I have heard about many complaints about the old table insertion behavior. Blindly casting everything will leak the user mistake to a late stage of the data pipeline, and make it very hard to debug. When a user writes string values to an int column, it's probably a mistake and the columns are misordered in the INSERT statement. We should fail the query earlier and ask users to fix the mistake.

In the meanwhile, I agree that the new table insertion behavior we introduced for Data Source V2 is too strict. It may fail valid queries unexpectedly.

In general, I support the direction of following the ANSI SQL standard. But I'd like to do it with 2 steps:
1. only add cast when the assignment rule is satisfied. This should be the default behavior and we should provide a legacy config to restore to the old behavior.
2. fail the cast operation at runtime if overflow happens. AFAIK Marco Gaido is working on it already. This will have a config as well and by default we still return null.

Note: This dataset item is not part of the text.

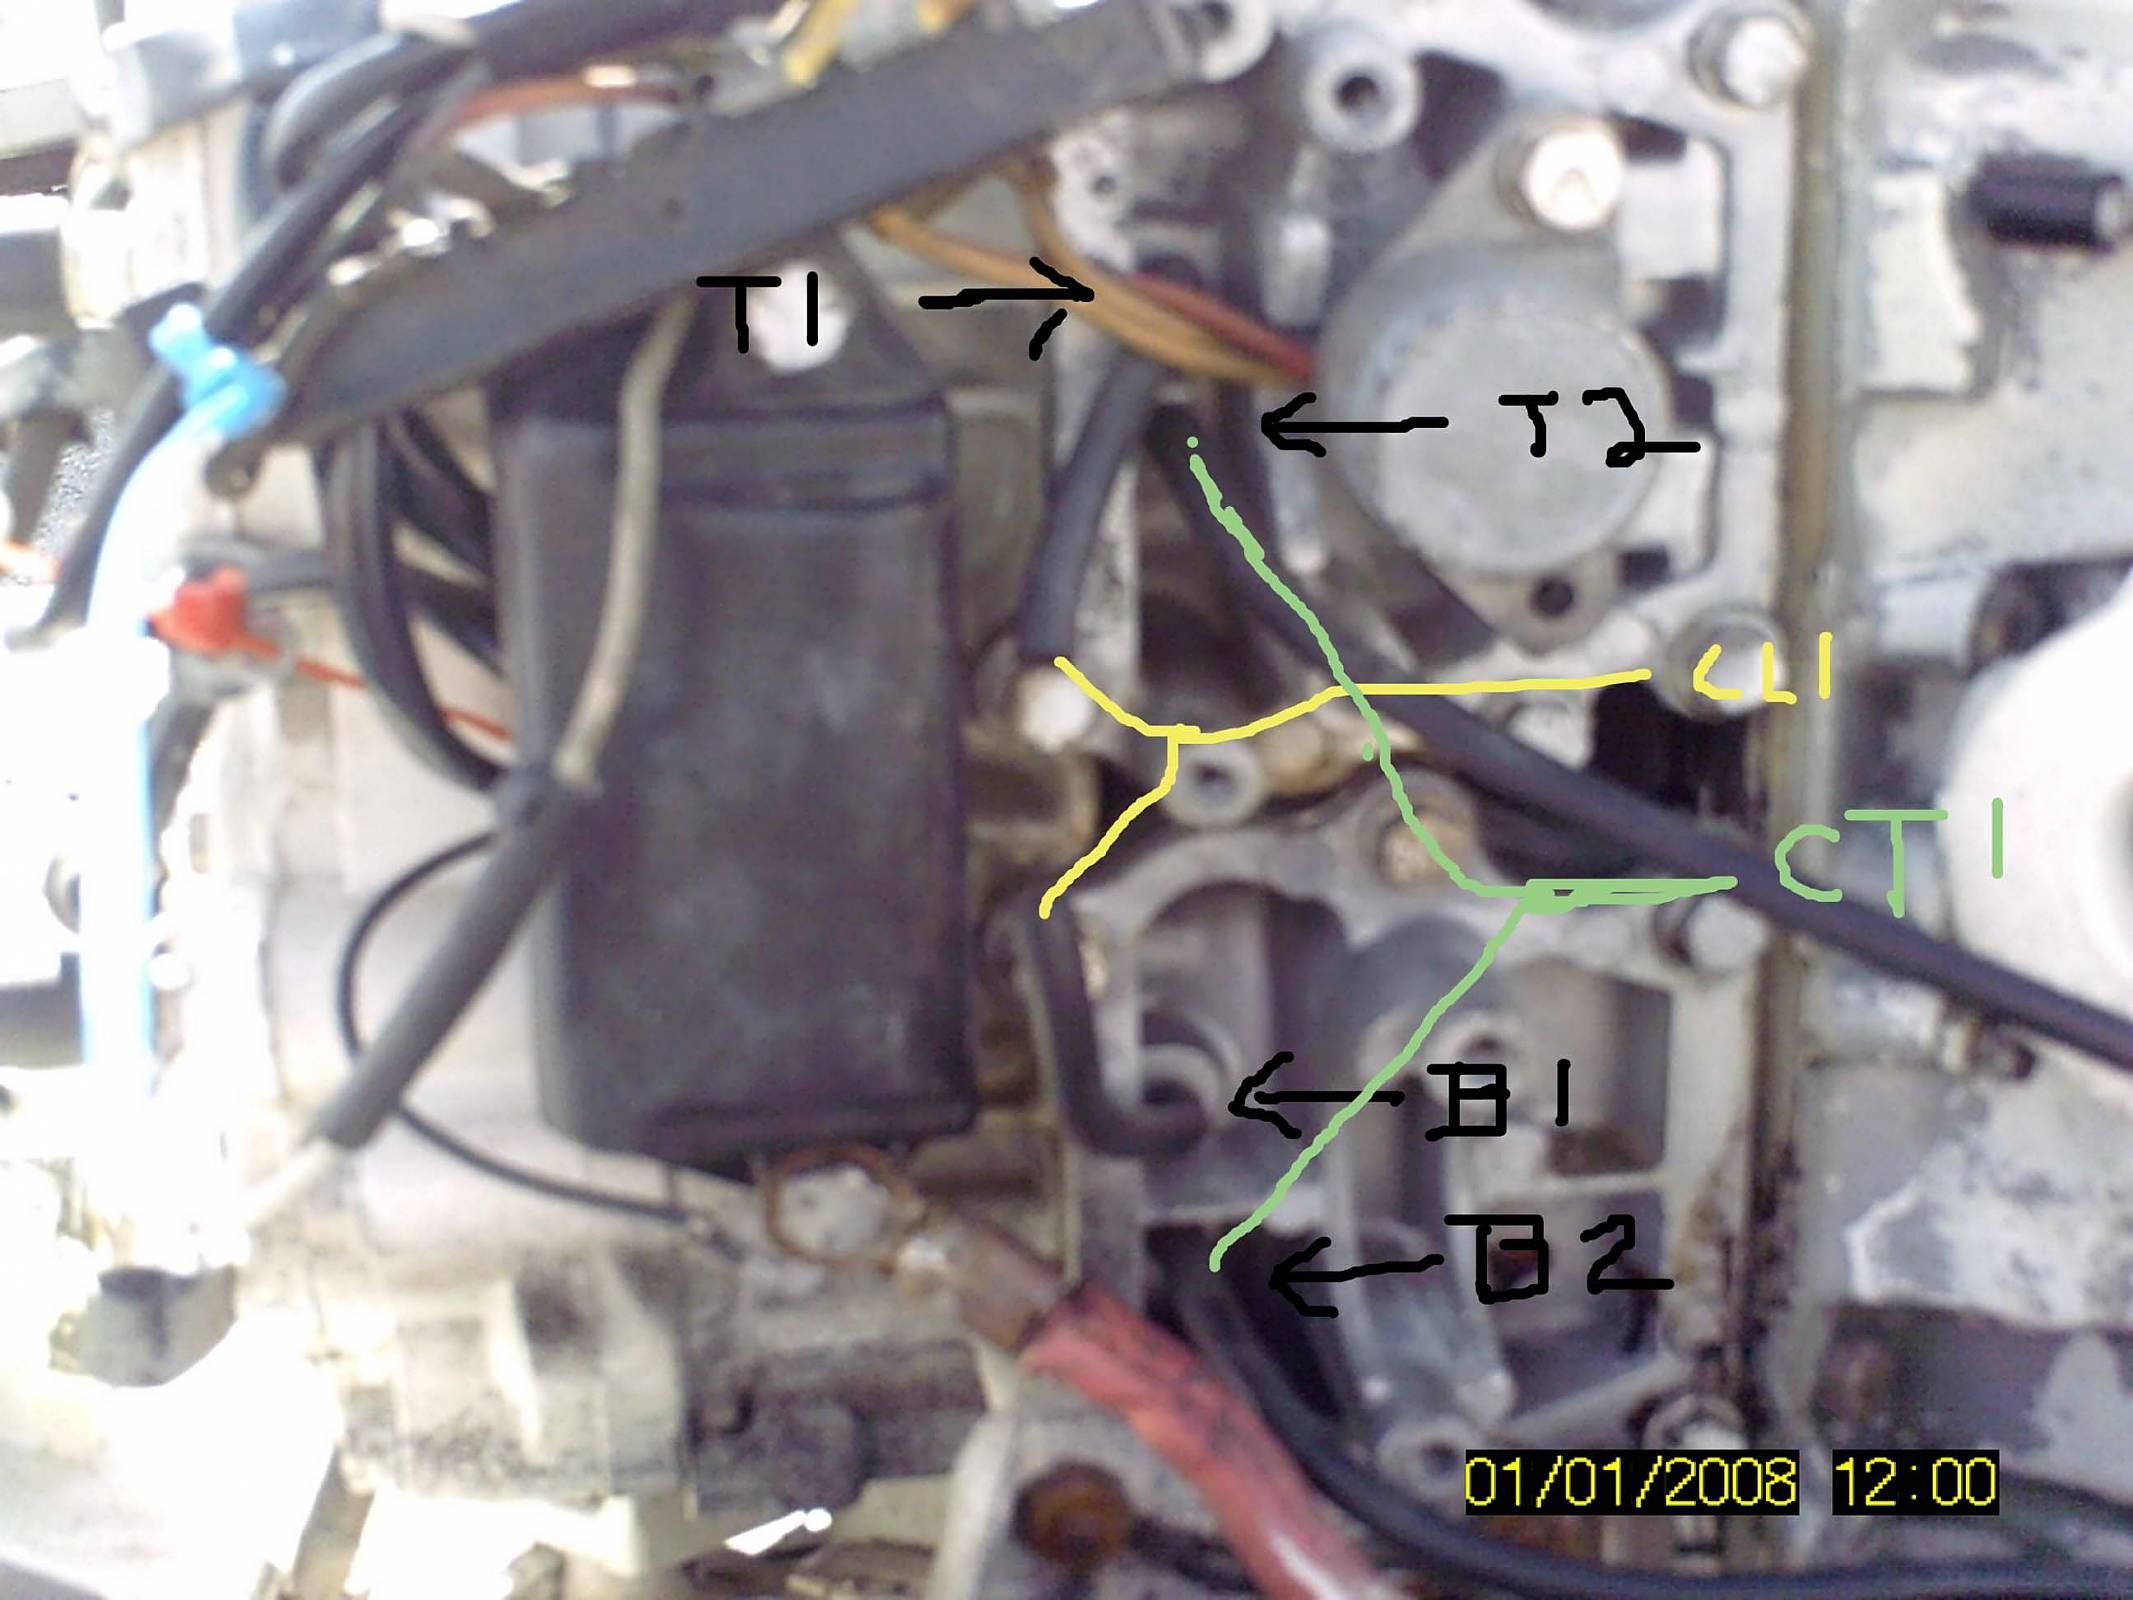 evinrude etec 115 wiring diagram for windshield wiper motor 1999 johnson 90 hp outboard impremedia

After doing this, the default behavior will be slightly different from the SQL standard (cast can return null), and users can turn on the ANSI mode to fully follow the SQL standard. This is much better than before and should prevent a lot of user mistakes. It's also a reasonable choice to me to not throw exceptions at runtime by default, as it's usually bad for long-running jobs.


On Thu, Jul 25, 2019 at 11:37 PM Gengliang Wang <gengliang.wang@databricks.com> wrote:
Hi everyone,

I would like to discuss the table insertion behavior of Spark. In the current data source V2, only UpCast is allowed for table insertion. I think following ANSI SQL is a better idea.
For more information, please read the Discuss: Follow ANSI SQL on table insertion
Please let me know if you have any thoughts on this.